↓↓↓
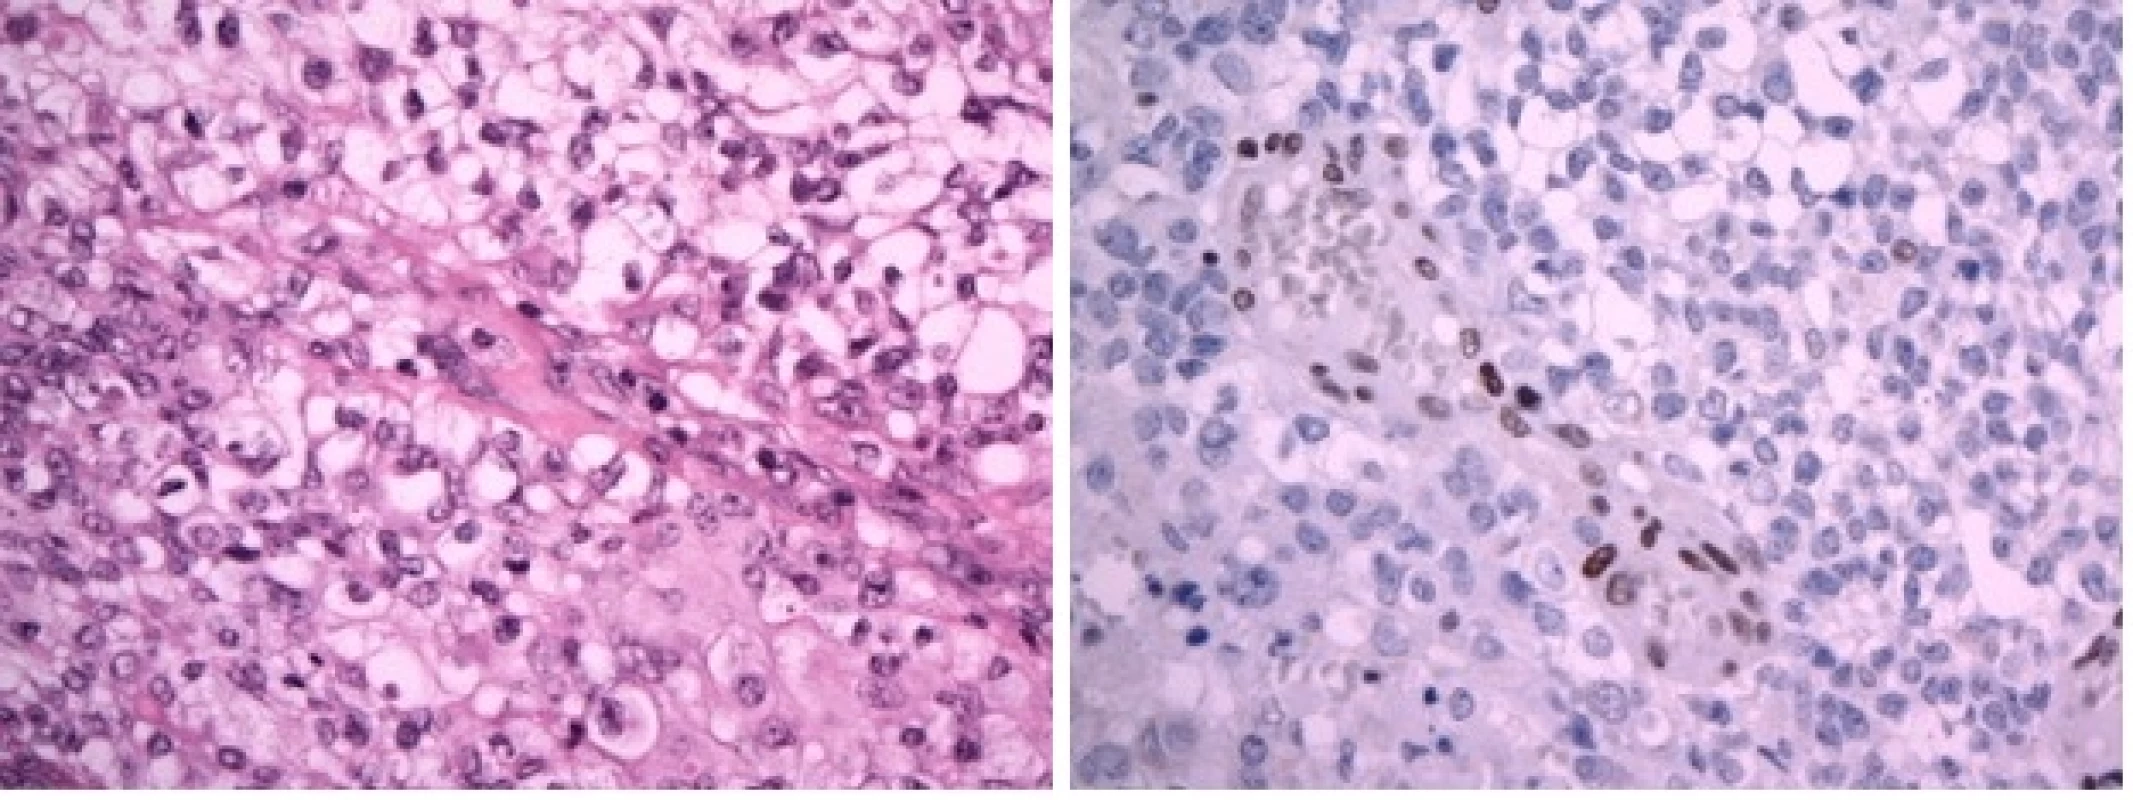 A Atypický teratoidní/rhabdoidní tumor (AT/RT), WHO grade IV. Nádor převážně sestává ze solidně alveolárně uspořádaných polygonálních buněk se světlou nebo jemně eozinofilní cytoplazmou. Fokálně jsou přítomny výrazné atypie, proliferační aktivita byla vysoká. (hematoxylin-eozin, originální zvětšení x400).
B Imunohistochemický průkaz proteinu INI1 je v nádorových buňkách negativní (při pozitivní vnitřní kontrole v endoteliích, originální zvětšení x400).
Image 4 A: Atypical teratoid-rhabdoid tumor (AT/RT), WHO grade IV. Polygonal cells with pale or slightly eosinophilic cytoplasm arranged in alveolar pattern. High proliferation aktivity. (H&amp;E x400)
Image 4 B: Imunohistochemical negativity of INI1 protein in tumour cells (retained positivity in endothelial cells, x400)
↑↑↑
* _Directions_: Report the count of lines in the listing above that include "cells", and nothing more.

* _Result below_: 2